Let A be an m × n matrix and B be an n × p matrix. Then their product AB is an m × p matrix:

[ AB = \begin{bmatrix} a_{11} & a_{12} & \cdots & a_{1n} \ a_{21} & a_{22} & \cdots & a_{2n} \ \vdots & \vdots & \ddots & \vdots \ a_{m1} & a_{m2} & \cdots & a_{mn} \end{bmatrix} \begin{bmatrix} b_{11} & b_{12} & \cdots & b_{1p} \ b_{21} & b_{22} & \cdots & b_{2p} \ \vdots & \vdots & \ddots & \vdots \ b_{n1} & b_{n2} & \cdots & b_{np} \end{bmatrix} = \begin{bmatrix} \sum\limits_{k=1}^n a_{1k}b_{k1} & \sum\limits_{k=1}^n a_{1k}b_{k2} & \cdots & \sum\limits_{k=1}^n a_{1k}b_{kp} \ \sum\limits_{k=1}^n a_{2k}b_{k1} & \sum\limits_{k=1}^n a_{2k}b_{k2} & \cdots & \sum\limits_{k=1}^n a_{2k}b_{kp} \ \vdots & \vdots & \ddots & \vdots \ \sum\limits_{k=1}^n a_{mk}b_{k1} & \sum\limits_{k=1}^n a_{mk}b_{k2} & \cdots & \sum\limits_{k=1}^n a_{mk}b_{kp} \end{bmatrix} ]

Subtraction of Matrices

Matrix subtraction is simply the elementwise difference between corresponding entries of matrices with the same dimensions.

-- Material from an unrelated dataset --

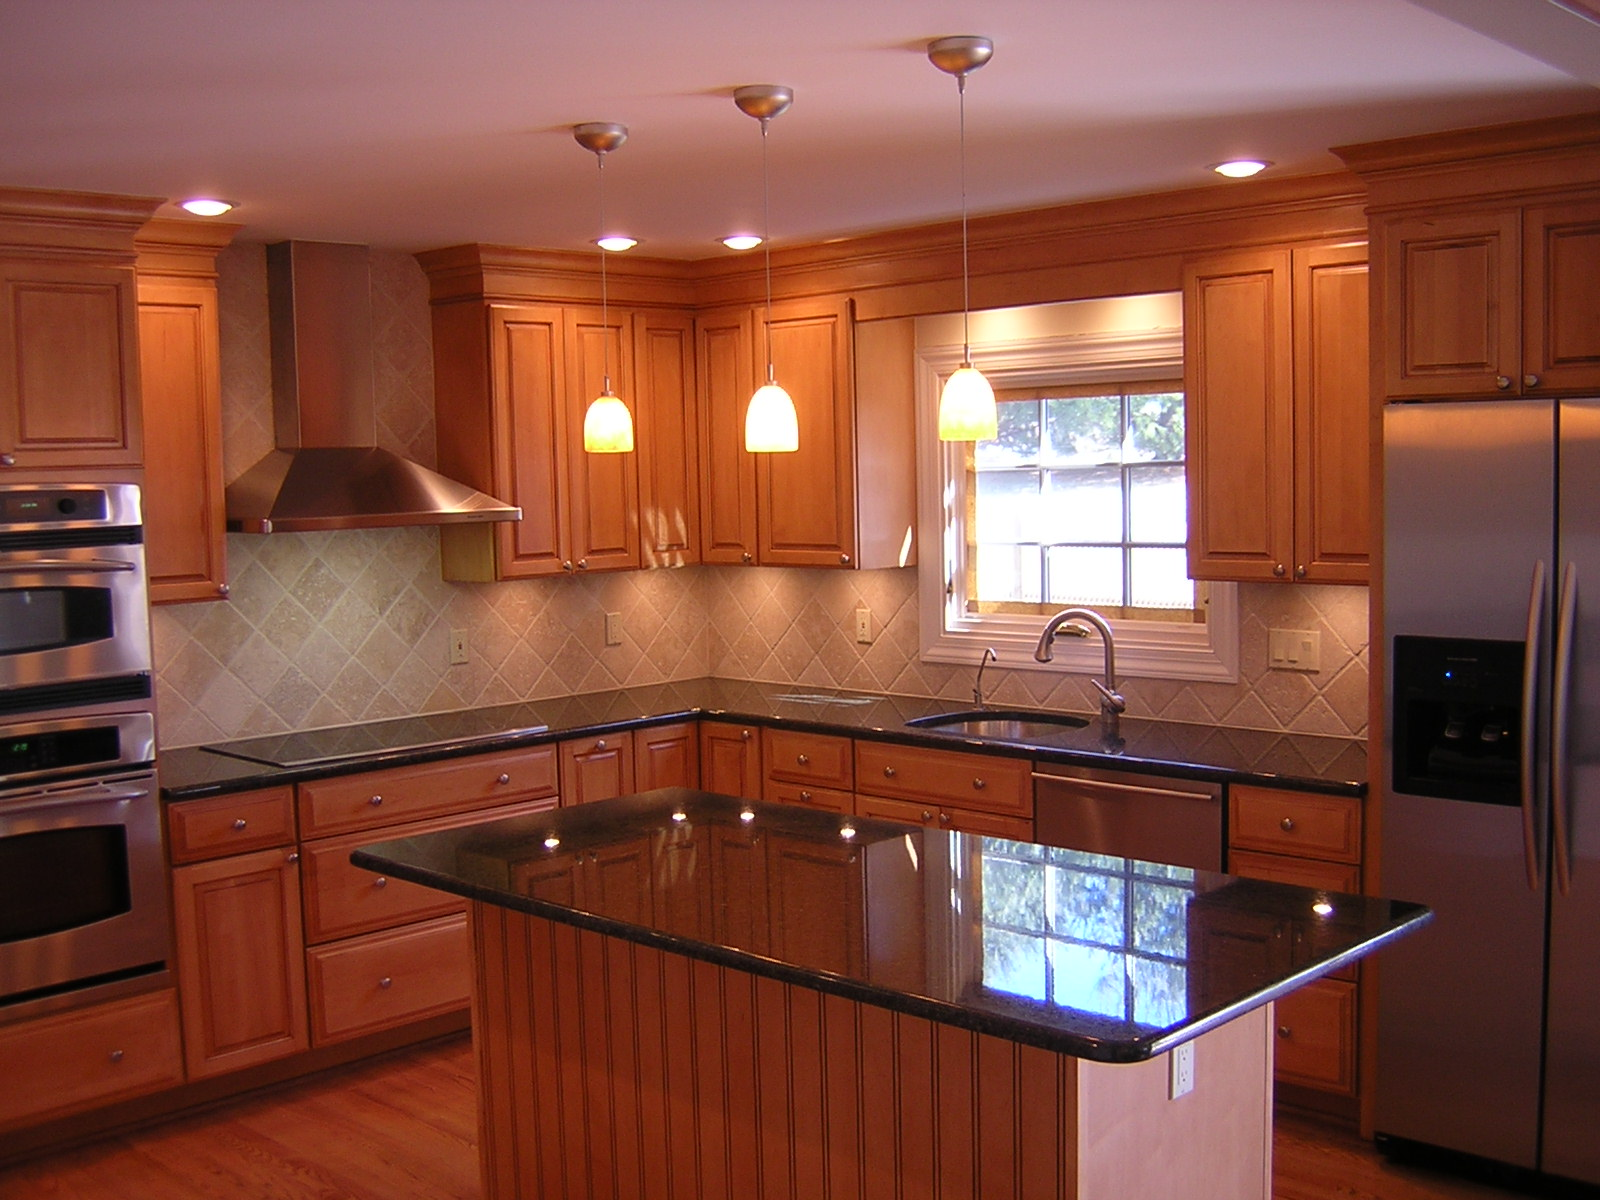 granite kitchen designs photo - 1

[ A - B = \begin{bmatrix} a_{11} - b_{11} & a_{12} - b_{12} & \cdots & a_{1n} - b_{1n} \ a_{21} - b_{21} & a_{22} - b_{22} & \cdots & a_{2n} - b_{2n} \ \vdots & \vdots & \ddots & \vdots \ a_{m1} - b_{m1} & a_{m2} - b_{m2} & \cdots & a_{mn} - b_{mn} \end{bmatrix} ]

Inverse of Matrices

The inverse of a square matrix A, denoted as A⁻¹, is a matrix that satisfies the property that AA⁻¹ = A⁻¹A = I, where I is the identity matrix. Not all matrices have an inverse. A matrix is invertible if it is non-singular, meaning its determinant is non-zero.

Unlike the addition, multiplication, and subtraction of matrices, which are commutative and associative, matrix inversion is neither commutative nor associative in general.

With this overview in place, you are now equipped with the fundamentals of matrices, allowing you to tackle more complex topics in linear algebra and related fields.

Description

Explore the basic concepts of matrices including addition, properties, multiplication, subtraction, and inverses. Understand how to perform operations like matrix addition, multiplication, and subtraction as well as the conditions for matrix inverses. Dive into the properties of matrices such as commutativity, associativity, and the rules for matrix multiplication.